Why wouldn’t he listen? “The priest is dangerous, Nikolai.”
“He’s more dangerous if we can’t see what he’s doing. His network is far-reaching, and his sway with the people is something I can do nothing to combat directly.”
They passed through the gates and on to the streets of the upper town. “We should have held a trial after the war,” Zoya said. “Made his crimes known.”
“Do you really believe it would have mattered? Even if Alina Starkov herself rose from the Fold ensconced in sunlight to denounce him, the Apparat would still find a way to survive. That’s his gift. Now put on your most devout face, Zoya. You make a darling heretic, but I need you looking pious.”
Zoya ordered her features into a facsimile of calm, but the prospect of dealing with the Apparat always left her caught between rage and frustration.
Nikolai had rebuilt the royal chapel on the palace grounds after the war and had it consecrated by the Apparat himself—a gesture of reconciliation. It was the site of Nikolai’s coronation, where the Lantsov crown had been set upon his head and the moth-eaten but supposedly sacred bearskin of Sankt Grigori had been laid upon his shoulders. The painted triptych panels of the Saints had been pulled from the rubble and refurbished, the gold of their halos burnished brightly—Ilya in Chains, Lizabeta of the Roses. Alina had been added to their number with her white hair and antler collar so that now fourteen Saints watched over the altar, assembled like a serene choir.

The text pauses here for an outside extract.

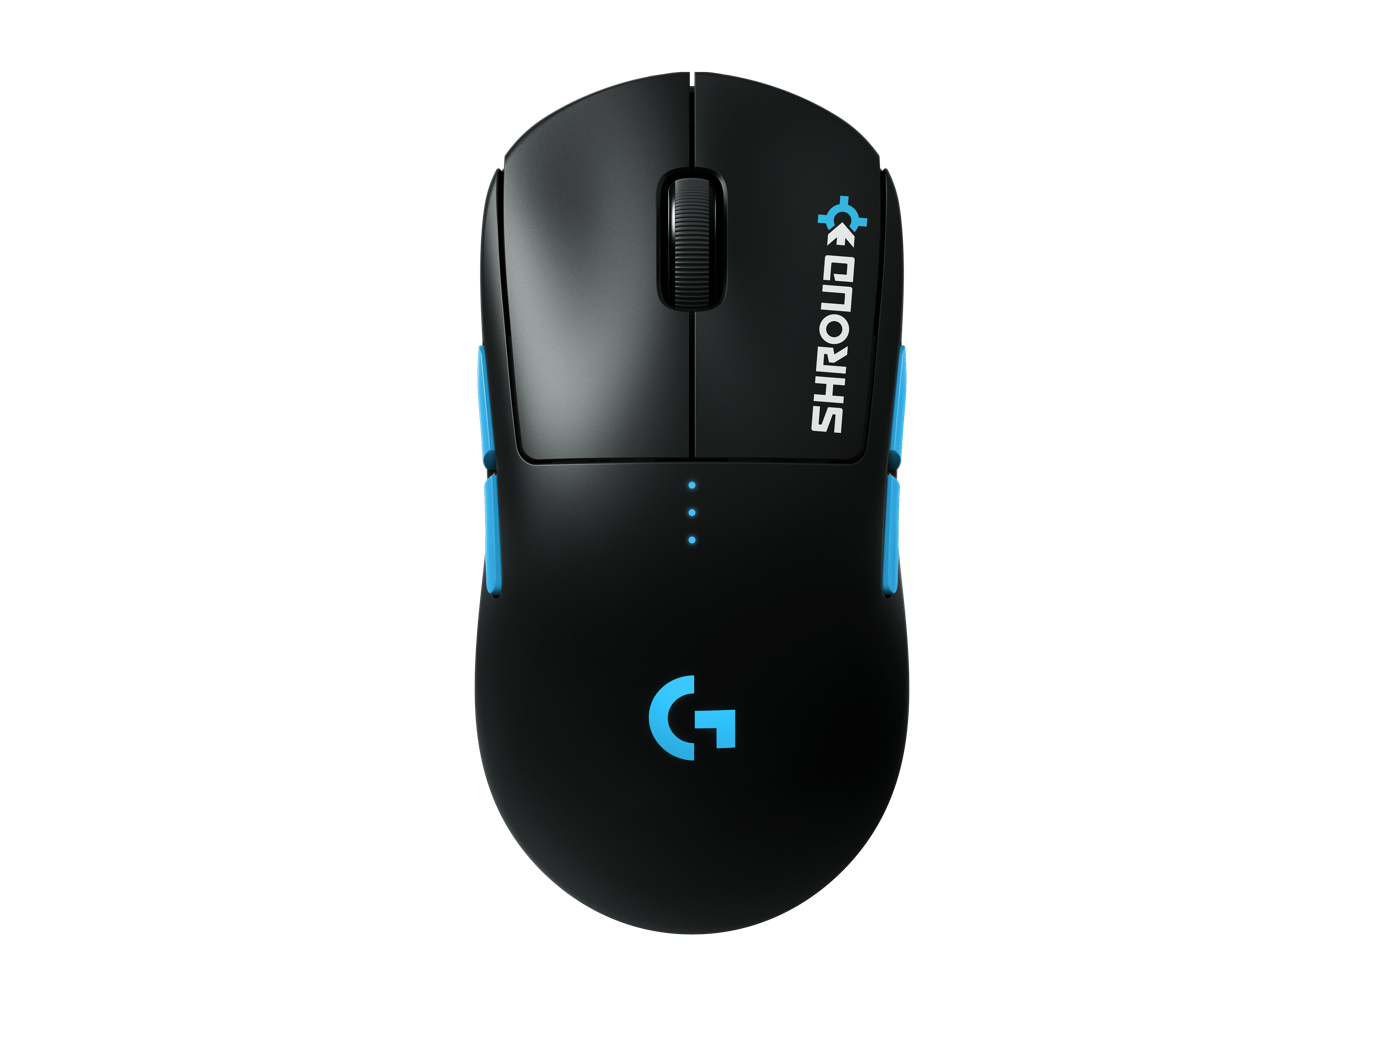 Søjle Flygtig Ewell Logitech G Pro Wireless Gaming Mouse for Esports Pros

Zoya had barely made it through the coronation. She couldn’t help but think of the night the old chapel had fallen, when the Darkling had slaughtered most of the Second Army, the very Grisha he had spent his life claiming he would protect. If not for Tolya and Tamar, the war would have ended that night. And Zoya could admit that the Apparat’s forces had played their part too, holy warriors known as the Soldat Sol, young men and women dedicated to the worship of the Sun Saint, many of whom had been endowed with her power in the final battle with the Darkling on the Shadow Fold. That little miracle had cemented Alina’s legacy—and unfortunately bolstered the power of the Apparat as well. It was hard not to suspect he had something to do with the bone bridge at Ivets and the spate of strange happenings throughout Ravka.
As they passed over the bridge and into the streets of the lower town, Zoya could hear the crowds outside the double walls, but it was only when they’d dismounted and reached the top of the battlements that she got a good look at the people gathered below. She heard her own gasp, felt shock travel through her like a slap. These were not the ordinary pilgrims who journeyed across the country to pay homage to their Saints; they were not the sun cult that had grown up around Alina Starkov and that often came to the palace walls to honor her. These people wore black. The banners they raised were emblazoned with the sun in eclipse—the Darkling’s symbol.
They’d come here to praise the man who had torn Zoya’s life apart.